I think you can make it of charcoal used for grill, must be god one- well 'mineralised'-all organic particles destroyed, should not smoke at heating without air. Grind to 1/16-1/8 inch- sieve. Boil with muriatic, wash it with plenty of water (and boil), then heat it wet in closed can with small hole over open flame until all steam will go , then heat 10 minutes and leave it to cool down- cover the hole with something. Do not open hot can. I personally never tried before, I hope it should work.


----------



## butcher (Dec 30, 2009)

that sound similar to making charcoal from wood.would that create activated charcoal?

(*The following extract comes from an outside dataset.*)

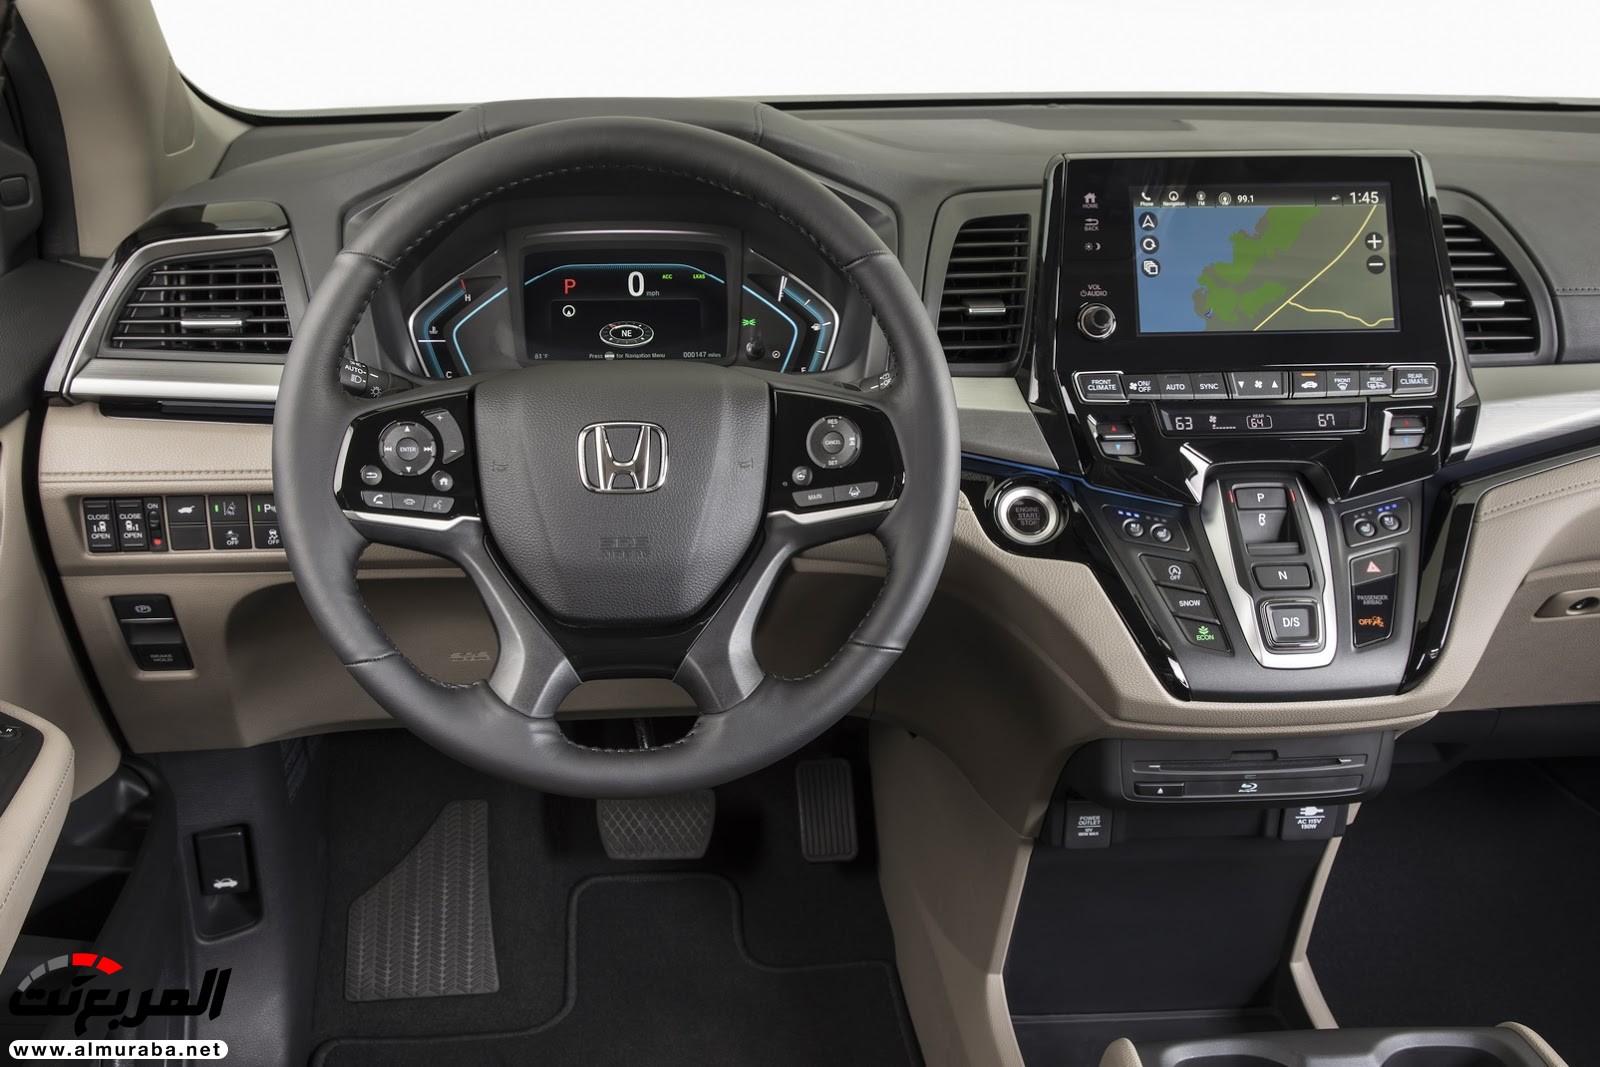 هوندا اوديسي 2018 تحصل على تقنيات جديدة وتحديثات خارجية وداخلية + صور وتقرير Honda Odyssey 80

http://en.wikipedia.org/wiki/Activated_carbon
http://www.omri.org/AC_livestock.pdf


----------



## ander (Dec 30, 2009)

Activated charcoal nad carbon are preety same thing. Charcoal is made of wood. Carbon is chemical name co element. Properly treated charcoal is almost pure carbon. In my language coal=carbon. We only add "black" or "brown" or "activated" or "elemental"- and all is clear. Activated charcoal should be made of wood therefore. Activated carbon can be made of lot of things like bones/, black/brown coal, organic compounds. It's name for wide range of products.


----------



## chemist (Dec 30, 2009)

As I recall, a lot of activated charcoal for water purification systems is made from coconut shells that are heated in an environment that has very little oxygen. But, I doubt that you have easy access to free coconut shells in Canada.


----------



## Noxx (Dec 30, 2009)

You can't make activated charcoal easily unless you have some expensive equipment. Why not buy it ? As far as I know, it is not very expensive, unless you want some very fine powder.


----------



## ander (Dec 30, 2009)

As Noxx wrote, don't bother yourself with making one. Home made stuff is rarely as good as industrial. In my country drug stores sell activated carbon in tablets blended with sugar. It is used for poisoning/digestion troubles treatment. It's of course much more expensive than plain one, and you have to remove sugar to use it. What what purpose do you want to use it?


----------



## zauggart (Jan 4, 2010)

i wanted to try some experiments with filtering using it and didn't want to get in to too much money . Also i was wondering if you filtered some of these Pm's through it . Then after awile just burn the charcoal for metal clinkers. Its is just an idea but has me wondering !
thanks
Ian


----------



## butcher (Jan 5, 2010)

it is easy to find and cheap,check out fish tank supply's aquarium filters, or drug store, wal-mart and so on.


----------